So the huge investment behind "Avatar" rides on Cameron's wild imagination and the technology he developed to put it on the screen.
"Here's the thing. No one knows if you've got the turkey that lays the golden egg or you've just got a turkey," Worthington said. "We're all trying to be cool, calm and relaxed about it, but inside, I think all of us are sweating bullets.
"But you've got to stand by the fact that what we've done is push the envelope again, thanks to Jim. ... I'm sure people are hopefully going to enjoy going on this ride, because to me, he took me to Pandora. Now he's going to take the rest of the world."
Worthington stars as Jake Sully, a paralyzed former Marine recruited to take his dead brother's place in the Avatar Program, inhabiting a genetically engineered body mixing human and Na'vi DNA so he can survive on Pandora.
Jake winds up in an unlikely romance with Saldana's Neytiri, a member of the spiritually- and ecologically minded natives, who like Aborigines in our own history face conflict with militant humans greedy for their resources — in this case, Pandora's supply of an energy-rich mineral called unobtainium.
Unlike native populations that succumbed to European colonialism, the Na'vi can give as good as they get.
"You're not encountering inhabitants that are 4-foot-9 and are completely defenseless. These (people) will kill you in a second," said Saldana, whose Neyteri is an expert hunter. "They're not victims, I'll tell you that. They can't be. They're warriors."
Cameron conceived the story in 1995 then waited a decade for technology to catch up so he could film it.
During that time, Peter Jackson mastered the art of performance-capture filming with his Gollum character in "The Lord of the Rings" saga and the giant ape in "King Kong" — both roles played by Andy Serkis, whose motions were recorded by digital cameras then topped off with intricate computer imagery to create the finished product.
With "The Polar Express," "Beowulf" and this season's "A Christmas Carol," Robert Zemeckis pioneered shooting entire films in performance capture, actors working on bare sound stages in skintight suits dotted with sensors read by the digital cameras. Computer animation filled in the costumes, sets, props and other details.
Zemeckis' films have the look of animation, but Cameron set out to create a photorealistic world filled with alien lifeforms — giant plants with a defense mechanism that sucks them into the ground in an instant, flying reptilian "banshees" that can be ridden like horses, six-legged beasts of burden called "direhorses."
Along with Cameron's 3-D system, among his innovations were a virtual-camera simulating what the finished product might look like as he was filming and a helmet-cam clamped to actors' heads to record their facial expressions, overcoming the "dead-eye" effect and other limitations that have made the faces of some performance-capture characters seem lifeless.
"So here you've got four or five new technologies all laid over each other in this palimpsest of new technologies, and it was just insane for the first six months or so," Cameron said. "We literally were just scratching our heads every day, which is a wonderful place to be as a filmmaker. To be 25 years into a career and be standing on the set going, `I don't know what ... we're doing.'"

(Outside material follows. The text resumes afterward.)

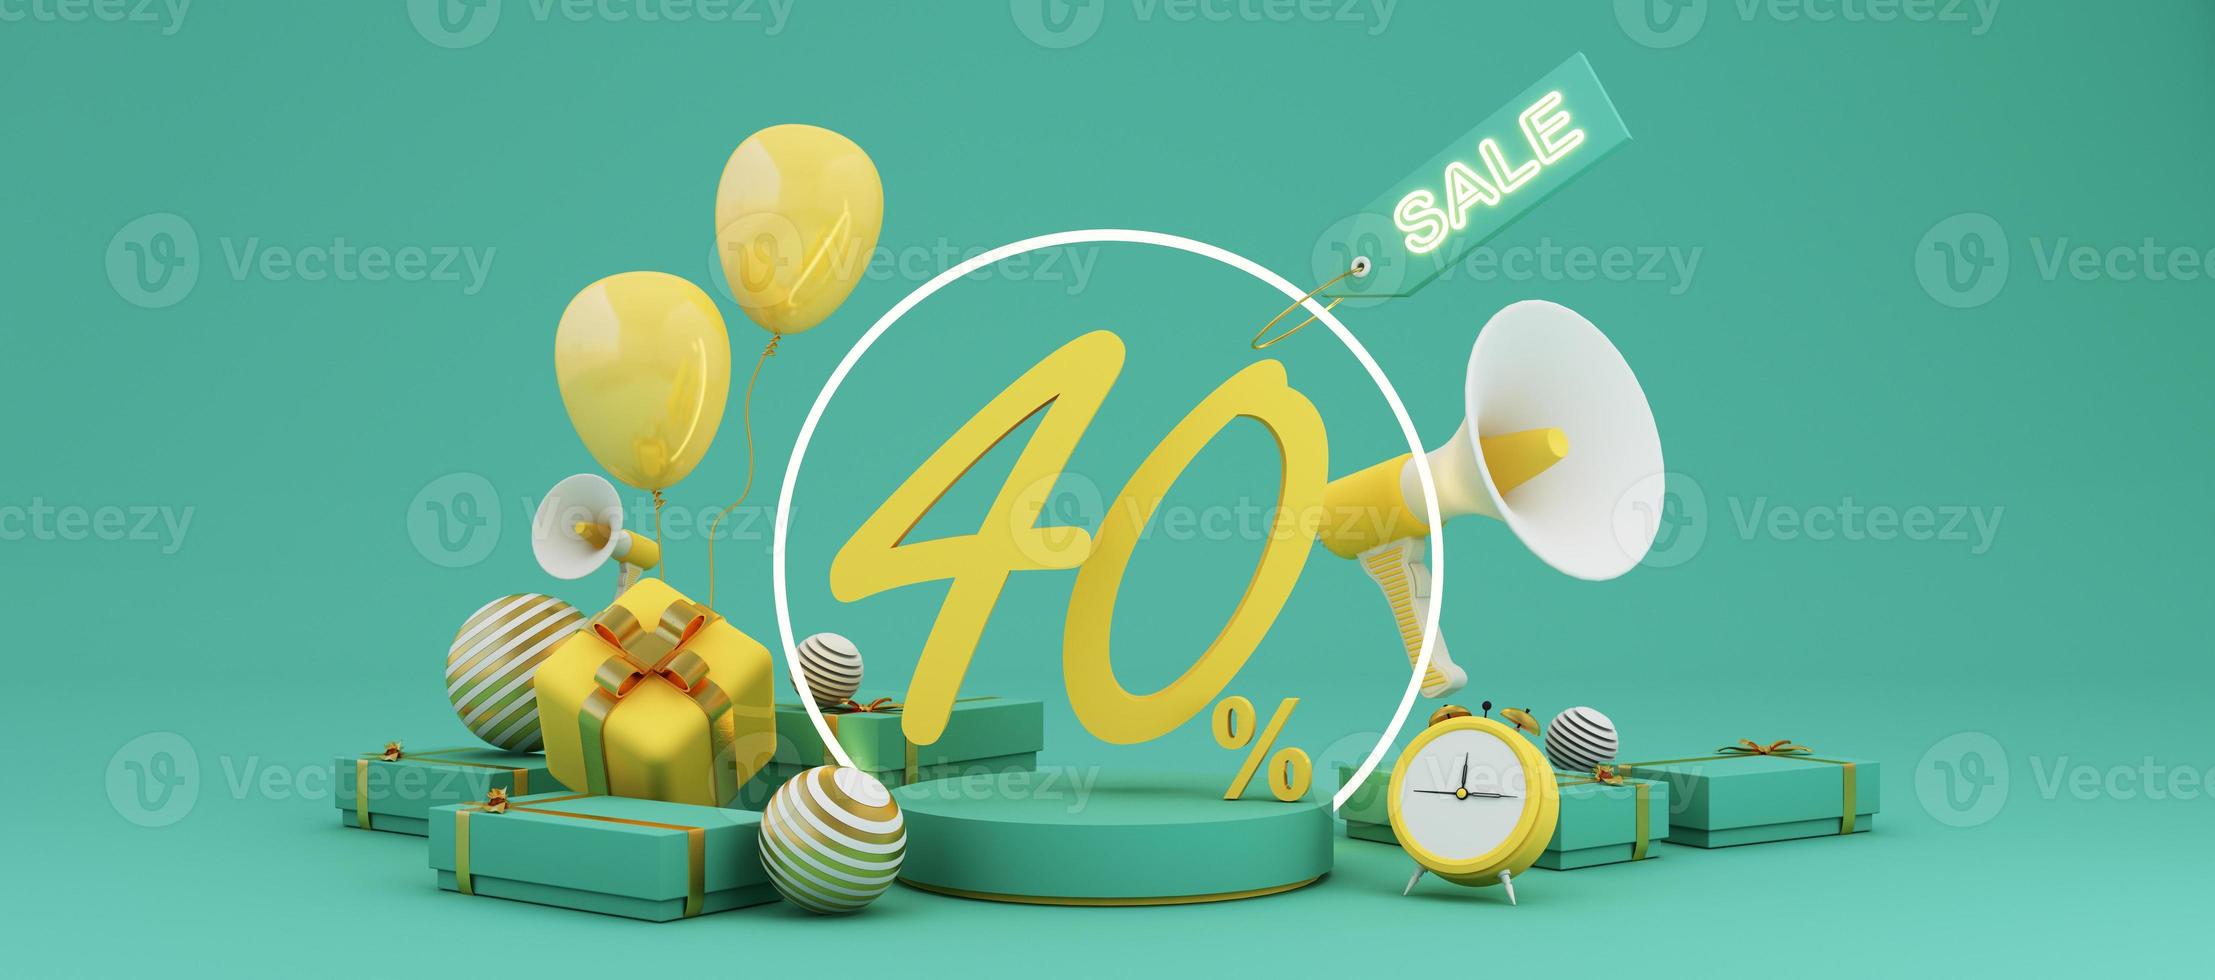 Great discount banner design with SALE text phrase on green and yellow background with gift box, shopping cart bag and alarm clock elements megaphone with product stand 3d rendering photo

Cameron hired Jackson's WETA effects house to transform his digital data into the world of Pandora — basically, to put the costumes and makeup on the characters and build the sets.

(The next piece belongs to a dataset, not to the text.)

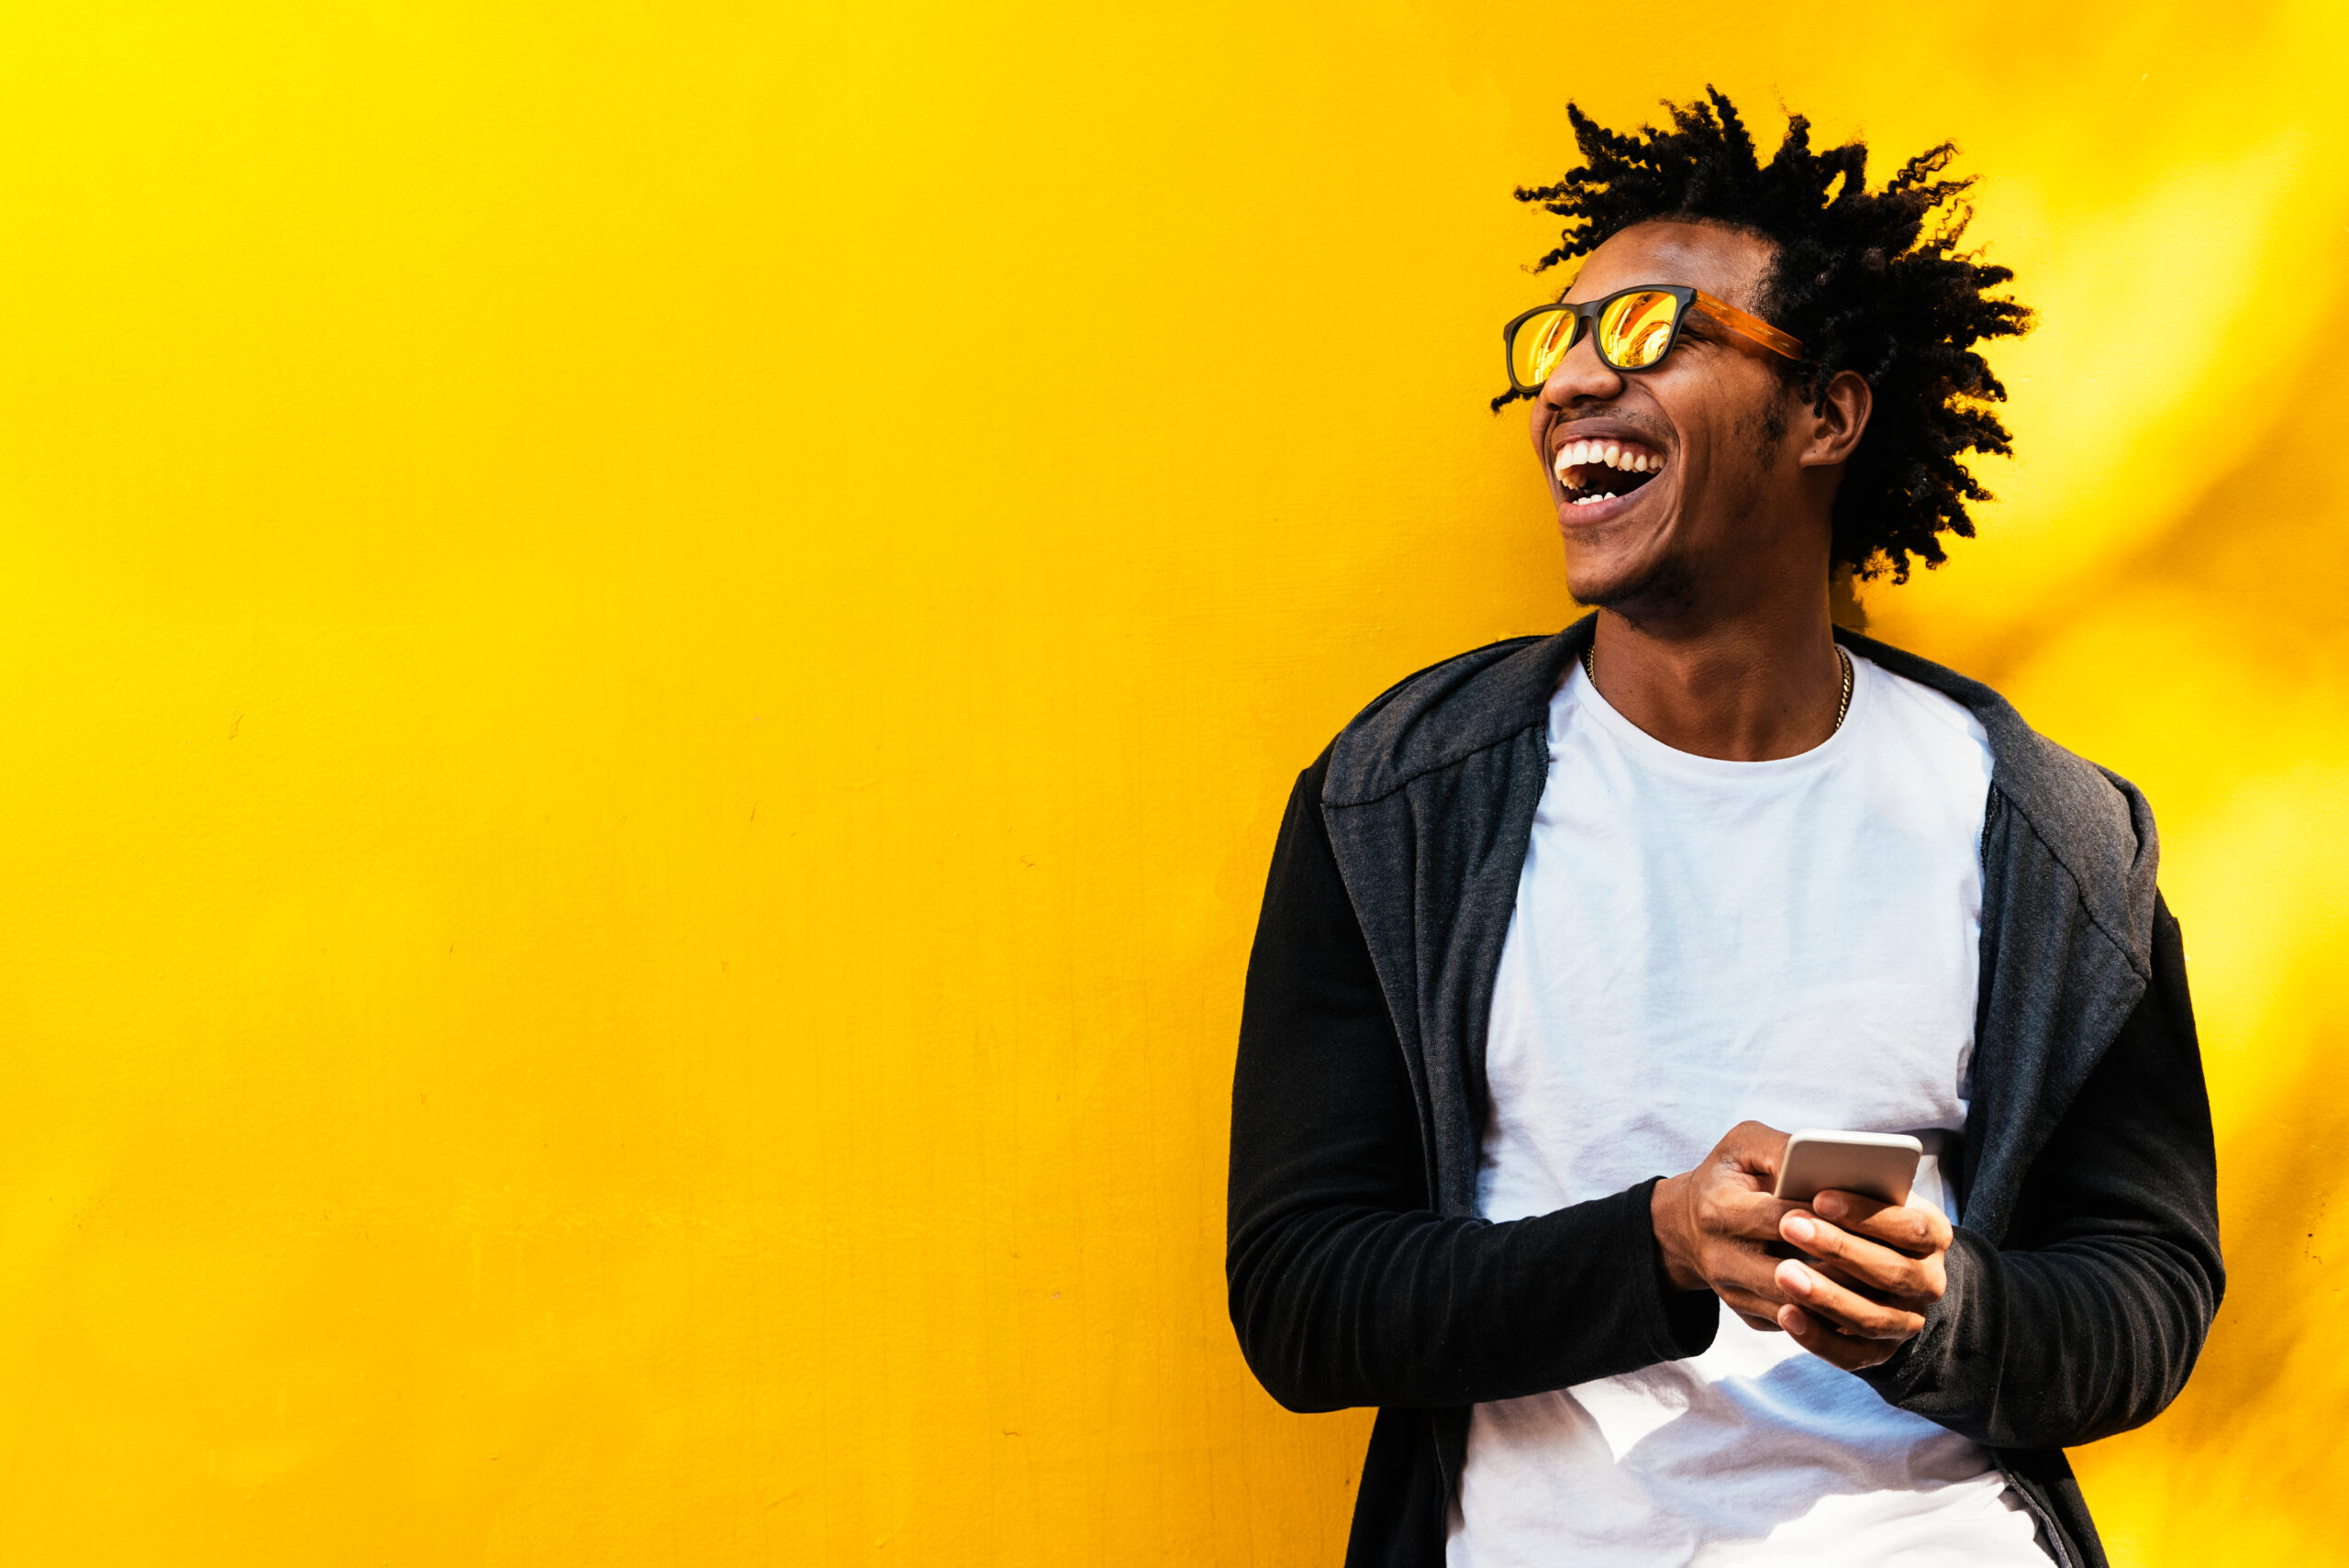 Man holding cellphone smiling on yellow background

Based on about 30 minutes of footage Cameron showed reporters in advance of "Avatar's" Dec. 9 world premiere in London, the results are mind-blowing. The Pandora segments and the Na'vi seem as real as the human world in the film's live-action segments, with Saldana and Worthington's alien incarnations showing remarkable expressiveness.
Cameron has ideas for two sequels should "Avatar" make enough money to become its own franchise. But that's in the audience's hands now.

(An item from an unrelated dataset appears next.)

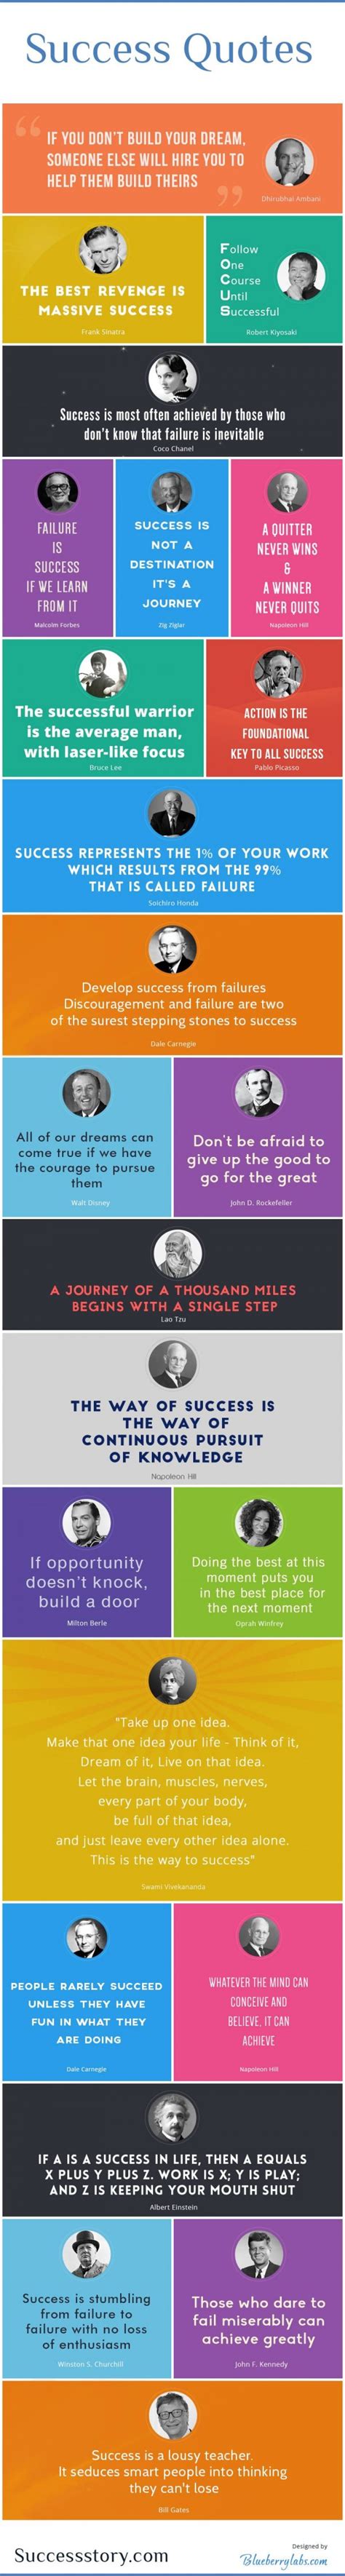 Success Quotes Infographic Self Help Daily

"The thing I feared most about this film was that because it wasn't a franchise picture and it wasn't based on something that already was imprinted in the public consciousness, that they just wouldn't know what we were or that we existed," Cameron said. "Fairly early on, we were able to create a pretty high profile for the movie as this kind of mysterious thing, and then it seemed like the more we revealed about it, the more kind of excitement and buzz around it, positive and negative, that there was.
"But the more people are talking, the more they've got to resolve the issue for themselves by going to see the movie."